In questa terza domenica di Quaresima il Signore ci invita a riscoprire il significato della croce, via di redenzione e conversione per tutti i cristiani.
 “Io quando sarò elevato da terra attirerò tutti a me”; il Signore vuol dire che, dal momento in cui sarà innalzato sulla croce - e poi, da risorto, sarà elevato in cielo - inizierà il grande avvenimento: tutti si volgeranno a Lui per ricevere in dono la salvezza.
La venuta del Redentore è il miracolo che fa diventare nuove tutte le creature. Egli è il Go’el, colui che riscatta l’uomo caduto in qualsiasi forma di peccato. La sua azione di rinnovamento raggiunge il culmine sulla croce, dove viene crocifisso perché dà fastidio ai potenti e superbi del tempo.
Il momento principale dove Egli si rende presente come risorto è la Messa, coinvolgendoci nel suo sacrificio e, attraverso la comunione, donandoci se stesso per passaggio di vita.
Durante l’Eucaristia si costruisce la Chiesa come Corpo. I credenti in Cristo vengono nutriti nella consapevolezza di essere membra gli uni degli altri, nella coscienza di essere un insieme di persone che ha il compito di portare Lui, via, verità e vita, in tutto il mondo. 

 

Commento al Vangelo di don Oreste Benzi
(pubblicato su "Pane Quotidiano", tascabile che ti offre la Parola di Dio di ogni giorno commentata da don Oreste Benzi)
Come ci salva il Signore? Prima di tutto vorrei che entrasse nel nostro cuore il fatto che Dio non ha mandato suo figlio per giudicare il mondo, cioè per separarsi da lui e lasciarlo quindi perire. Non è venuto per dire: «Perite tutti e basta». Egli è venuto invece non per separarsi da noi, ma per ridare la vita. Quanto è bello questo! Dio, che ci ha nel cuore, ha amato tanto la sua creatura, l’umanità, da sacrificare il suo figlio unigenito per noi.
Fratelli miei, convertiamoci! Alziamo il nostro sguardo a Cristo crocifisso, segno dell’amore del Padre perché abbiamo la vita eterna. Cos’è la vita eterna? È la vita che è da sempre, cioè la pienezza! È la risposta a quella sete inestinguibile che è dentro ognuno di noi!

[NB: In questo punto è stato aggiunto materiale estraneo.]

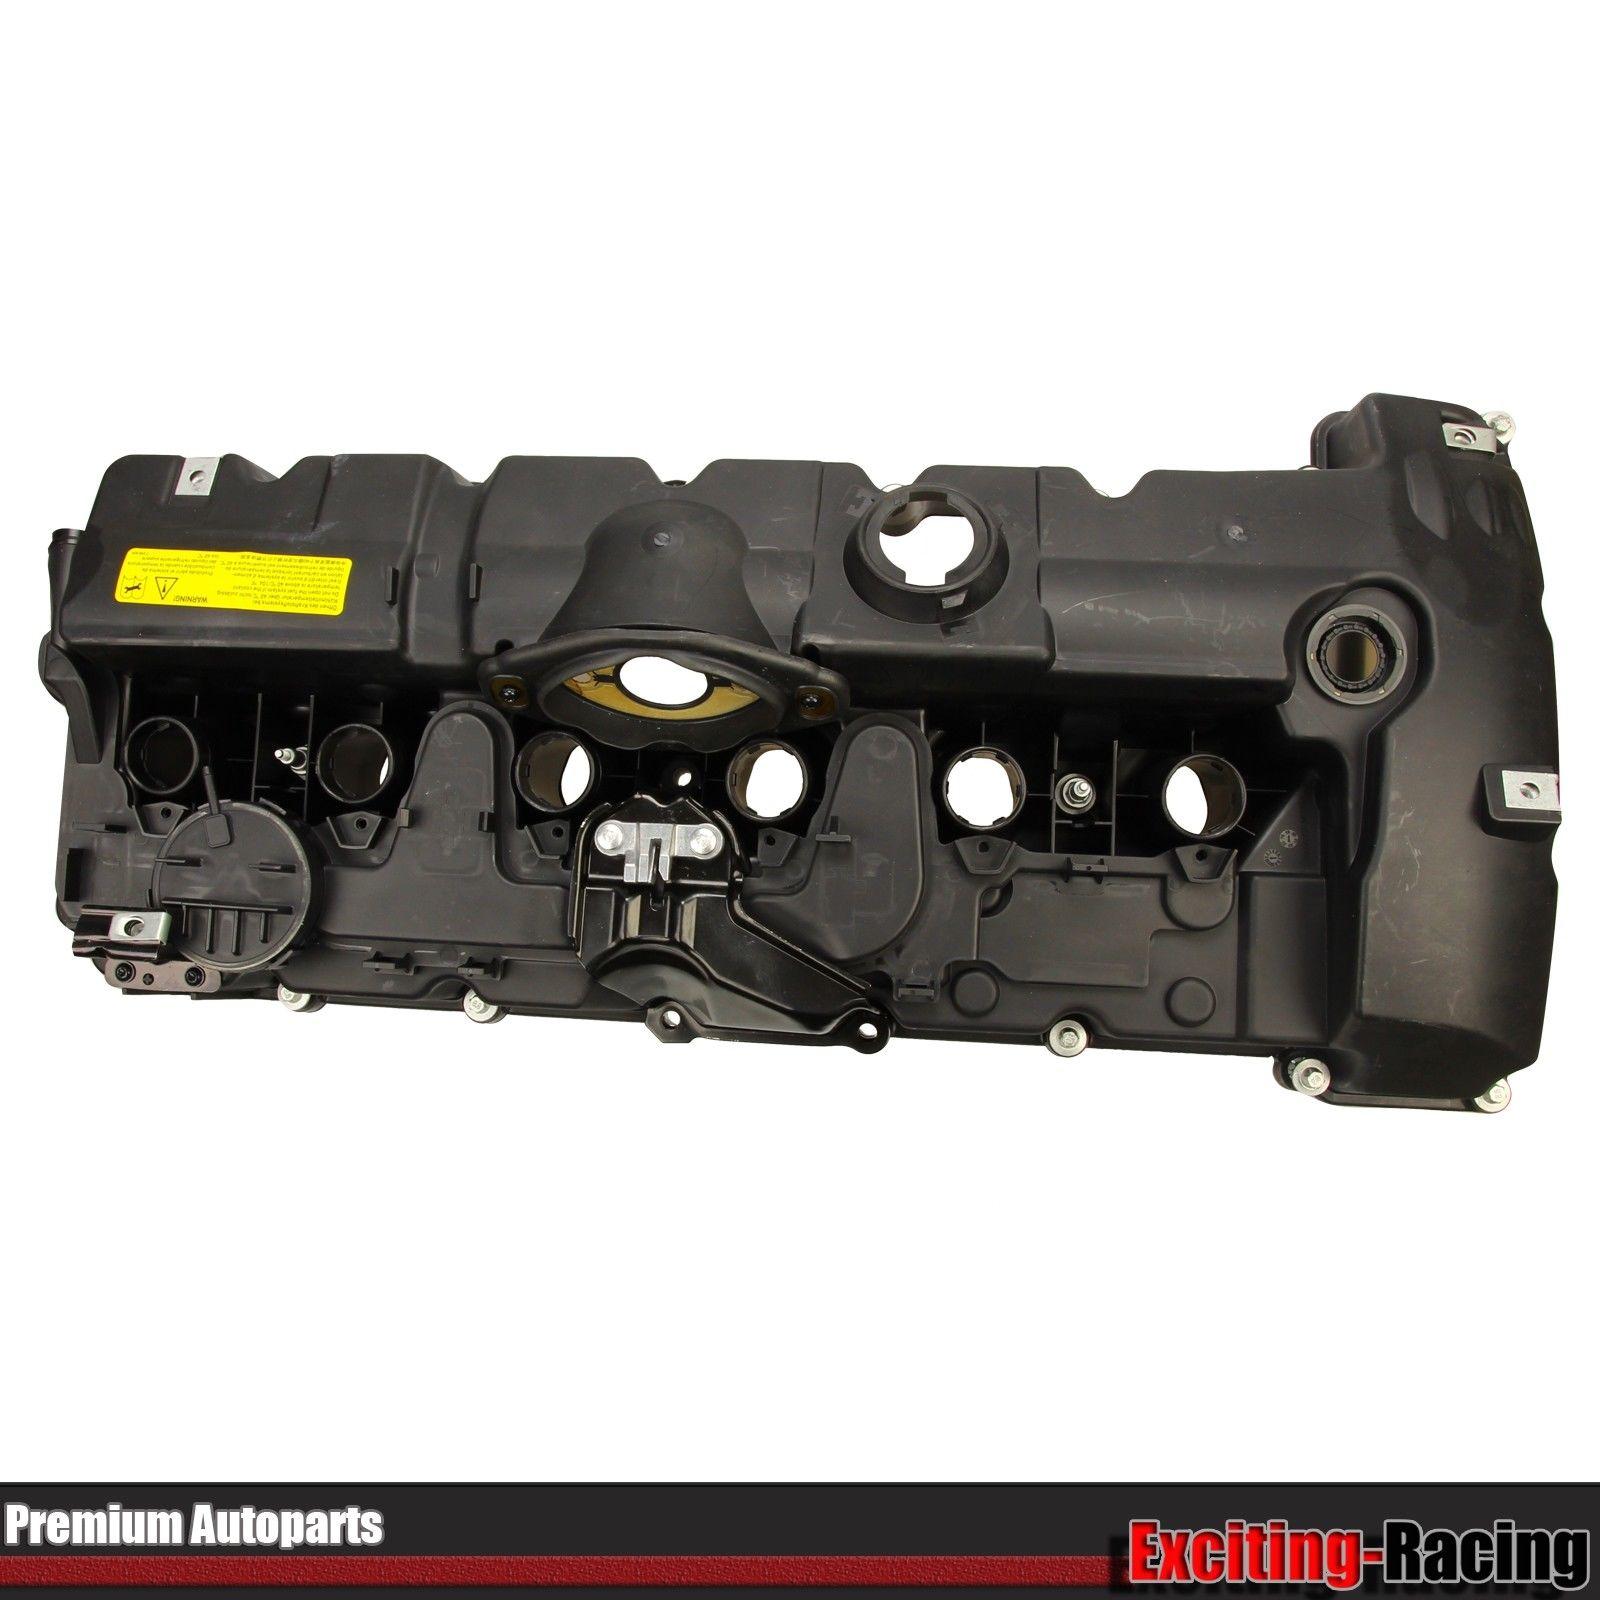 New Engine Valve Cover 11127552281 For BMW E82 E90 E70 Z4 X3 X5 128i 328i 528i

Convertiamoci! Ricordatevelo bene che bisogna entrare negli impegni concreti, nella lotta precisa di affrontare peccato per peccato, punto per punto che io non vivo: la mia pigrizia, il mio orgoglio, in modo da arrivare a dire «prima ero orgoglioso, adesso non lo sono più; prima ero pigro, adesso non lo sono più; prima ero permaloso, adesso non lo sono più; prima non amavo, adesso amo». La conversione consiste nei fatti e uno può risorgere in un momento; quando uno ha deciso è già risorto. Ricadrà forse, ma non è più come prima, perché ha scelto, ha deciso e sa dove vuole camminare! Il Signore ti dice che chi crede in lui ha la pienezza della vita. È vero: sperimentiamolo!